Aujourd’hui, j’étais à Paris pour la présentation d’un ouvrage coécrit par le docteur Laurent Alexandre et Jean-François Copé, dont le titre est éloquent : « L’I.A. va-t-elle aussi tuer la démocratie ». Au terme de cette présentation, d’inévitables discussions s’engagent dont l’une fait l’objet de ce billet.
J’étais en conversation avec un ami sur l’avenir chinois (tout un programme, donc) quand arrive un personnage qui se plante devant nous et nous lance, abruptement : « bonjour, je suis transhumaniste. Et vous ? »
J’avoue que j’ai eu l’impression de rencontrer une sorte de raëlien, ce genre de type qui vous propose sa religion, vous voyez ? Car il y avait dans ce propos une espèce de fierté à se présenter comme l’avenir de la race humaine, comme si ce monsieur devait convertir les autres à cette nouvelle religion. Et ça n’a pas loupé, la discussion tournait et glissait toujours autour du même thème : me convaincre, moi et mon ami d’adhérer à la cause du transhumanisme.
Sauf que pour moi, la proposition « pour ou contre le transhumanisme » est déjà dépassée. Nous sommes déjà des « transhumains » à partir du moment ou nos compétences humaines (cognitives ou biologiques) sont augmentées par la science. Nous le serons à chaque fois que notre vie sera améliorée ou que l’on sauvera celle de nos enfants mal en point. Nous le sommes à chaque greffe d’organe, à chaque implant placé dans notre corps, à chaque sélection génétique (ou non-sélection) in utero. Nous le sommes parce que nous modifions la Vie de façon non naturelle. Le transhumanisme est pour moi similaire à une « sélection non naturelle », forme extrême d’un eugénisme, qu’il soit positif ou négatif. Mais ce débat est donc dépassé, nous ne refuserons pas la possibilité de vivre plus longtemps. Pas d’hypocrisie…

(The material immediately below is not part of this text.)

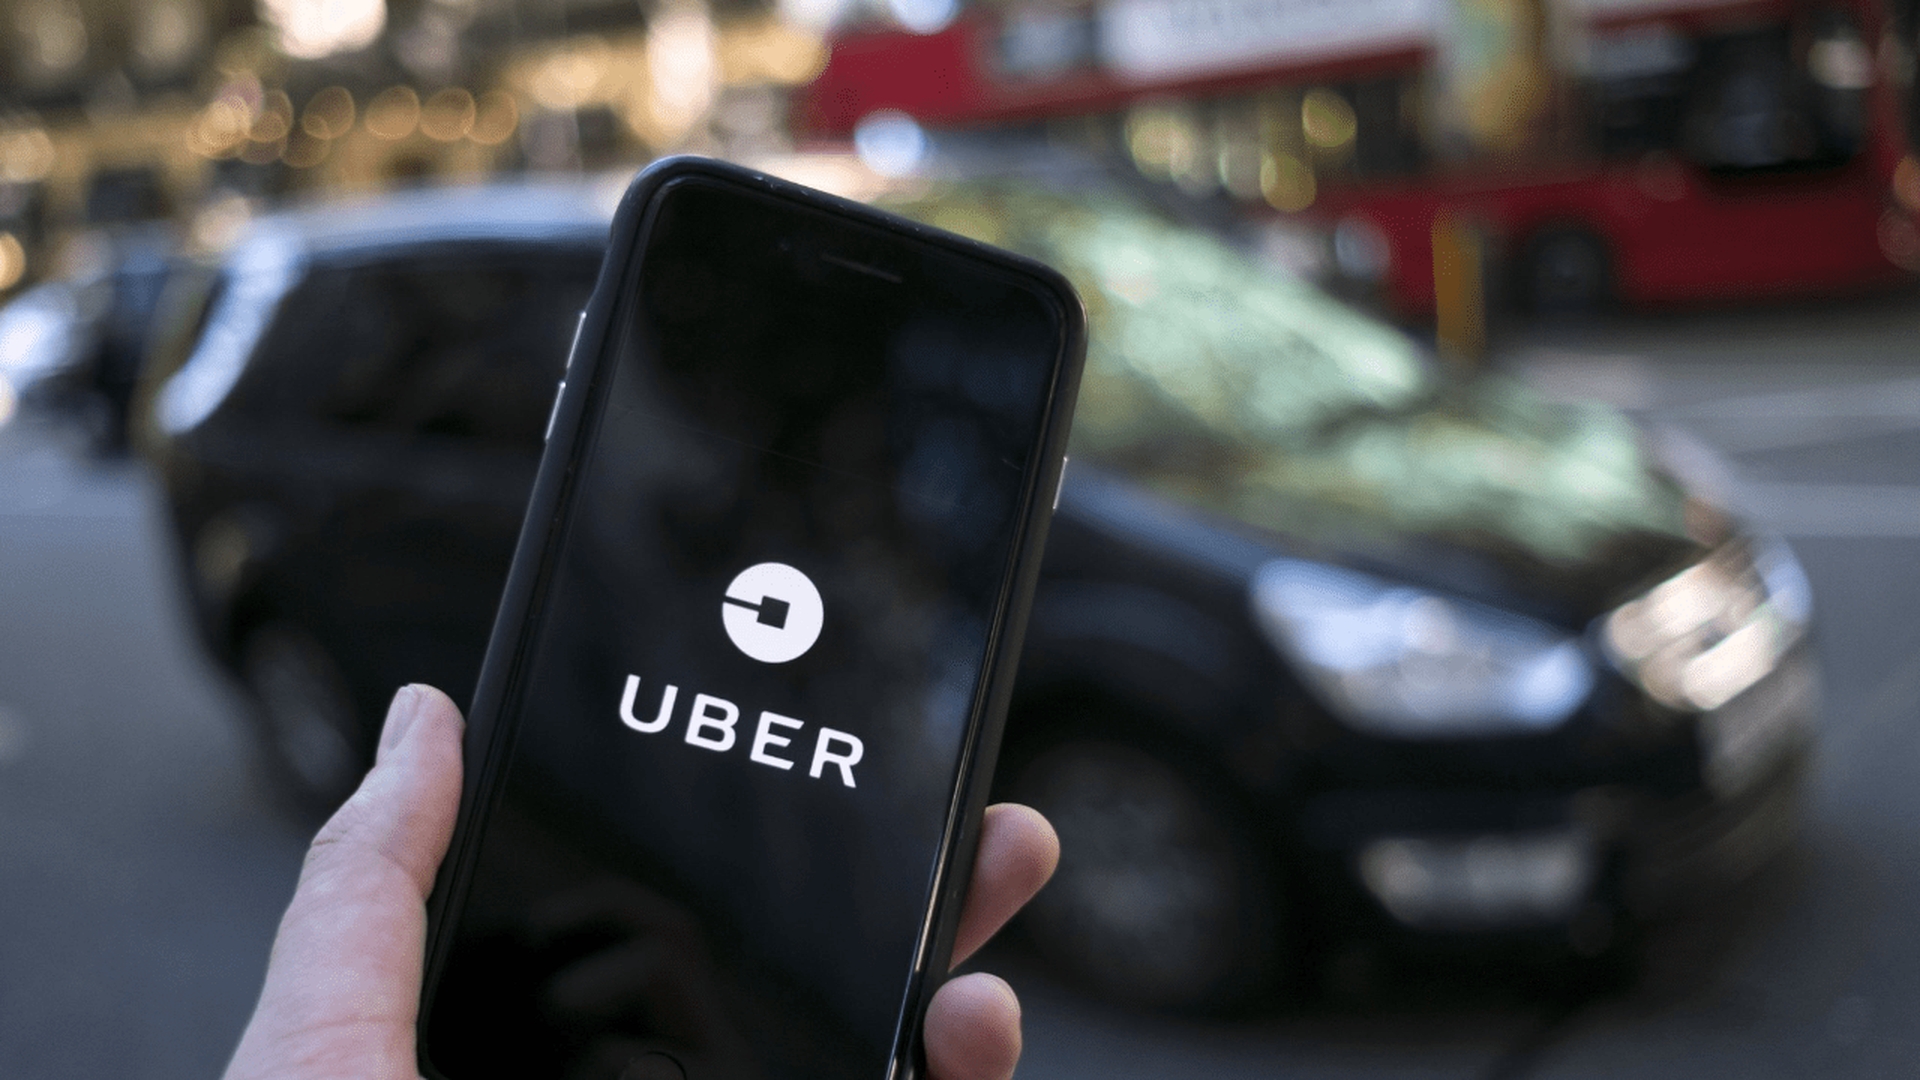 Learn about the innovative marketing used by Uber marketing department to promote their rideshare services. From targeted promotions to clever partnerships,...
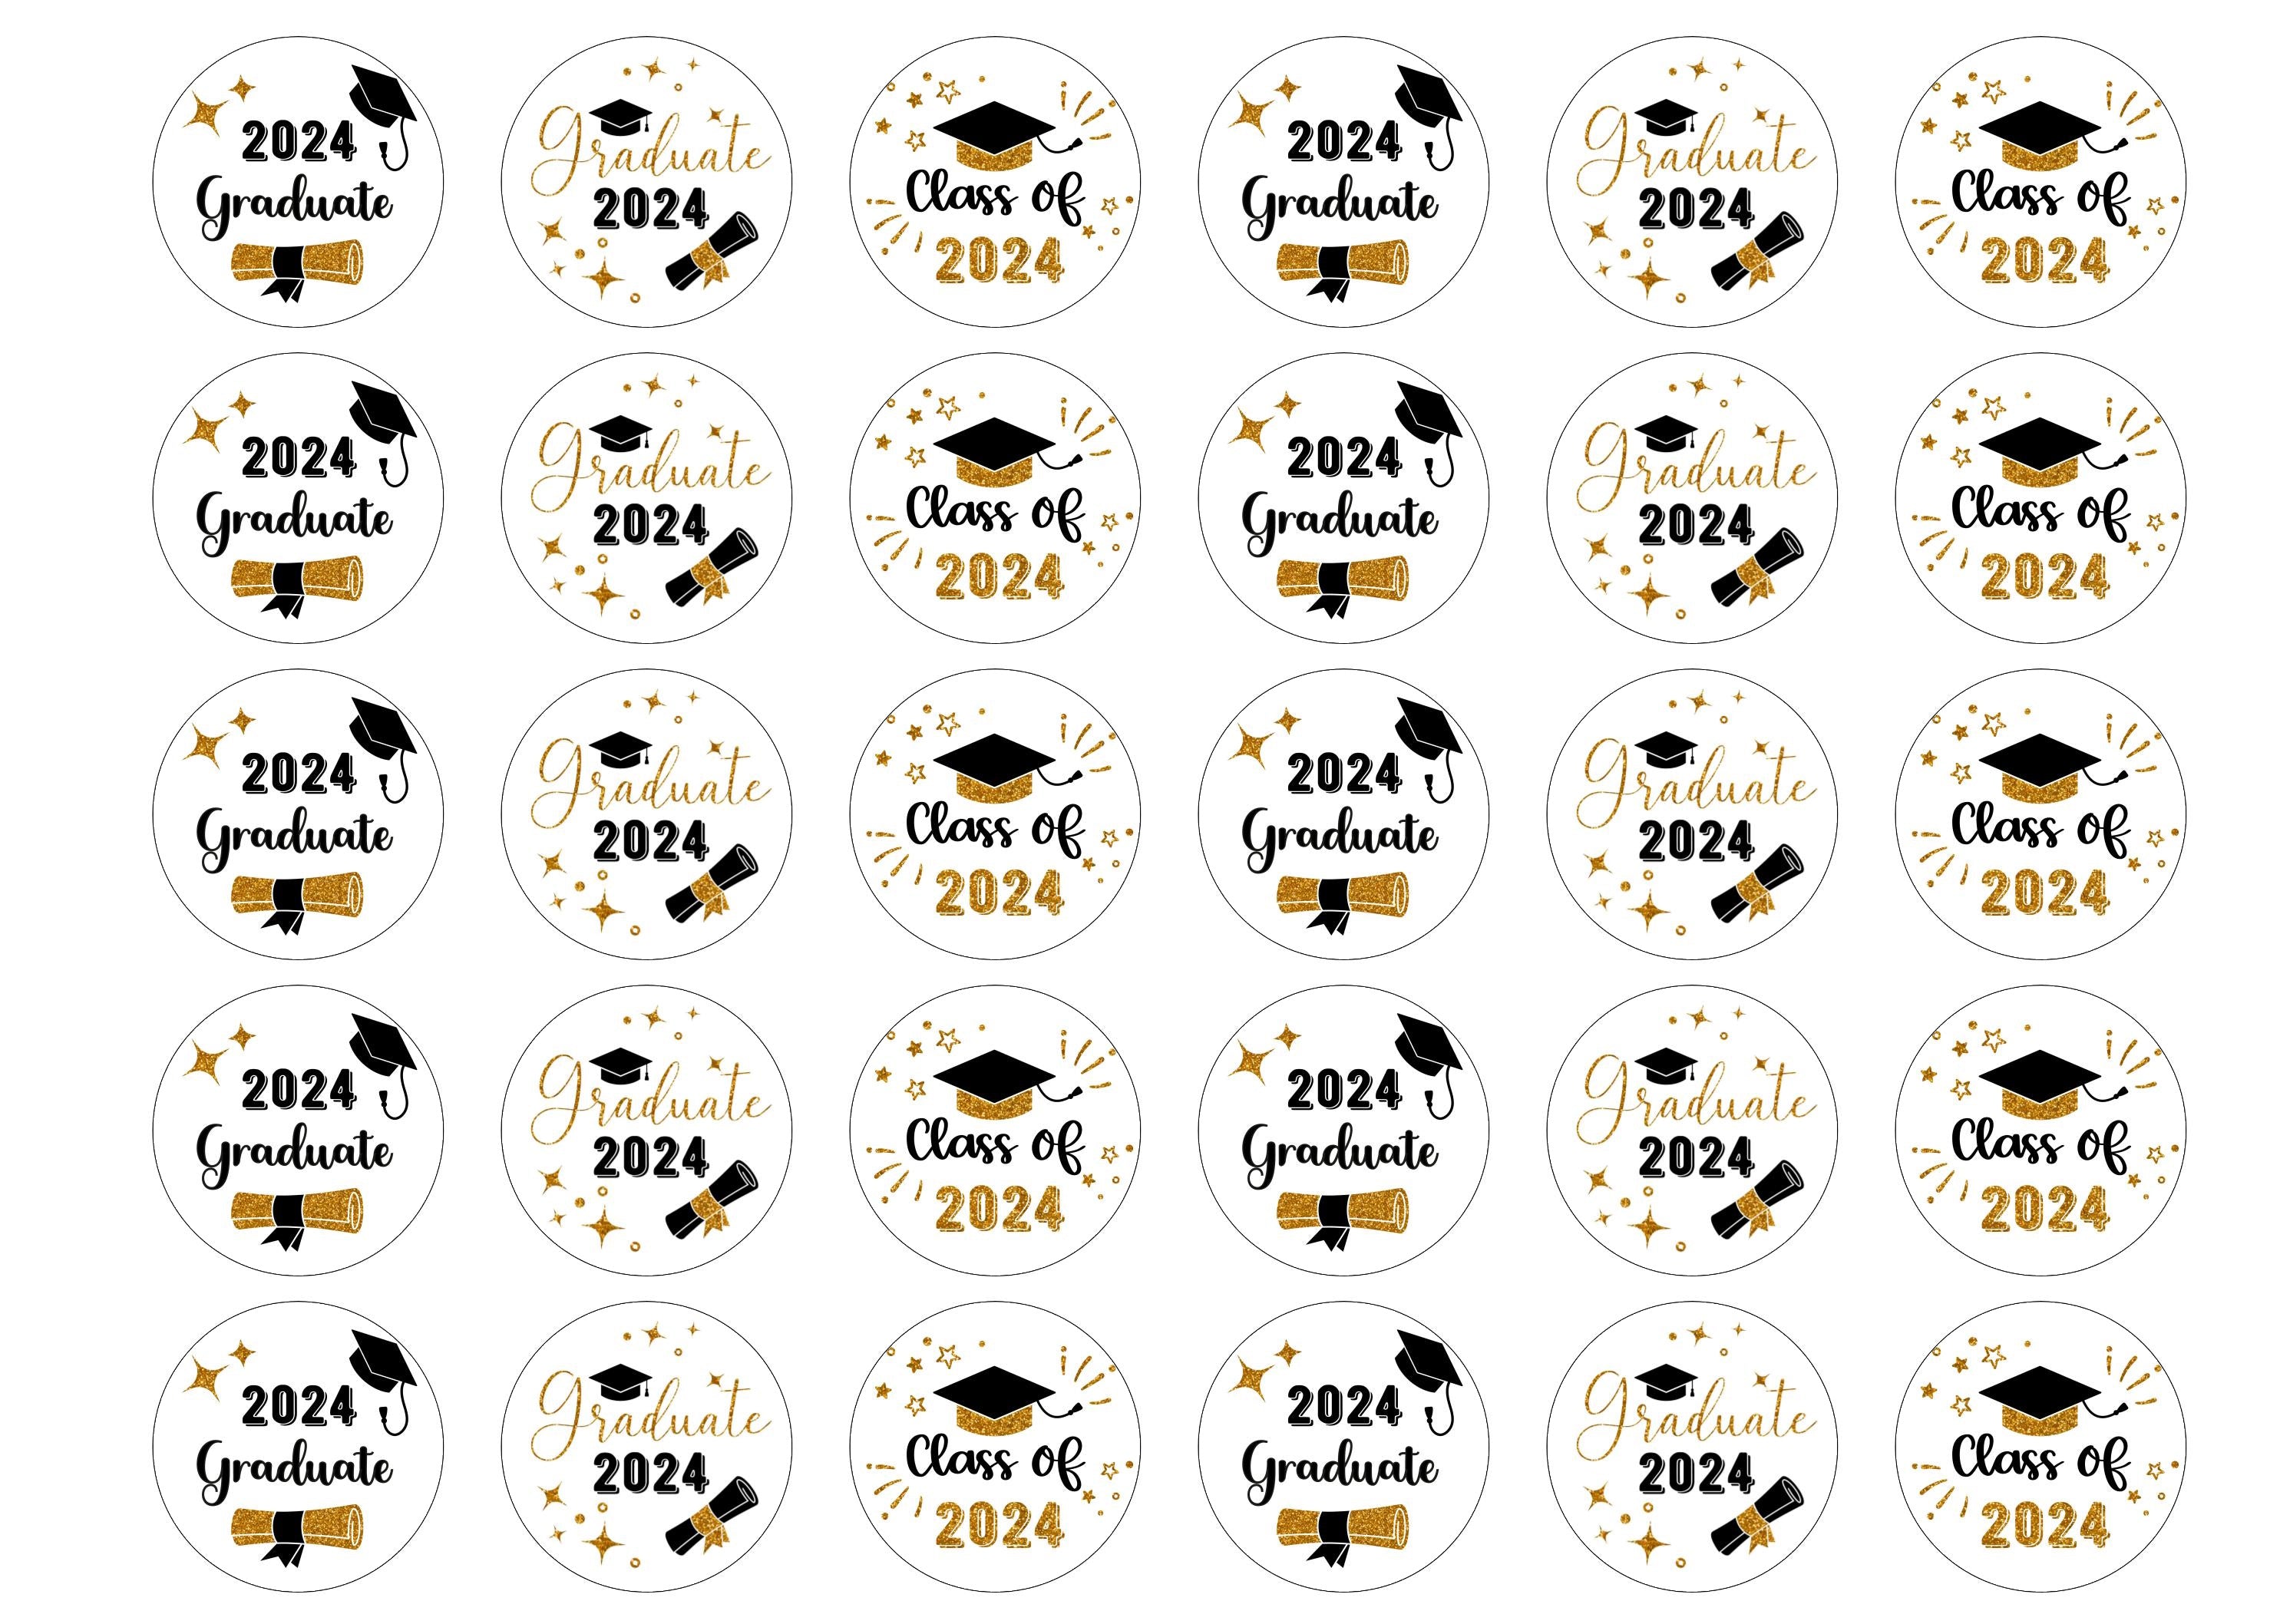 30 edible toppers with class of 2024 and graduation

La question sous-jacente qu’il faut absolument aborder en revanche est plutôt celle-ci : comment aborder cette nouvelle compétition mondiale autour de ce sujet. Comment faire face à la différenciation biologique, à la sélection extrême des bébés-Cripsr et au final au défi de la mise en place d’éthiques cohérentes pour chaque « métaculture » planétaire ?
La différenciation biologique amène toujours l’homme à la comparaison. La comparaison amène à la compétition, avec un vainqueur et un vaincu. La Vehrmacht a inventé la Blitzkrieg grâce à l’élaboration d’une drogue sous forme de cachet, la pervitine, une substance dérivée de la méthamphétamine. Les militaires ne dormaient plus pendant trois jours, prêts à marcher sur l’ennemi essoufflé. Rommel, le renard du désert, devançait toujours les objectifs de ses supérieurs, car il était shooté aux amphétamines. La question des drogues de combat n’est pas nouvelle, mais elle a le mérite de faire sortir les bisounours de leur torpeur. Ainsi, de la même manière, demain, le transhumain sera meilleur que l’homme. Il voudra se comparer à lui. Il sera jalousé par lui. Il sera plus fort. Et chacun voudra y aller de sa puissance, de sa démonstration de pouvoir (vaincre le Sida par génétique, faire la guerre en exo ou endosquelette, courir plus vite que son voisin, vaincre la mort…), de son combat.
Ces nouveaux compétiteurs se heurteront à des populations laissées pour compte et non augmentées, à des pans entiers de civilisation reposant encore sur des religions séculaires, mises en défaut dans leur acception ésotérique et plus ou moins véhémentes dans la revendication de leurs valeurs.
Ce monde de chaos se profile tandis que le pouvoir bascule du politique aux puissants dirigeants des GAFA et BATX. La question n’est donc pas vraiment d’être transhumaniste ou non, mais plutôt de savoir comment faire pour que cet avenir ne nous mène pas a un nouveau choc de civilisations.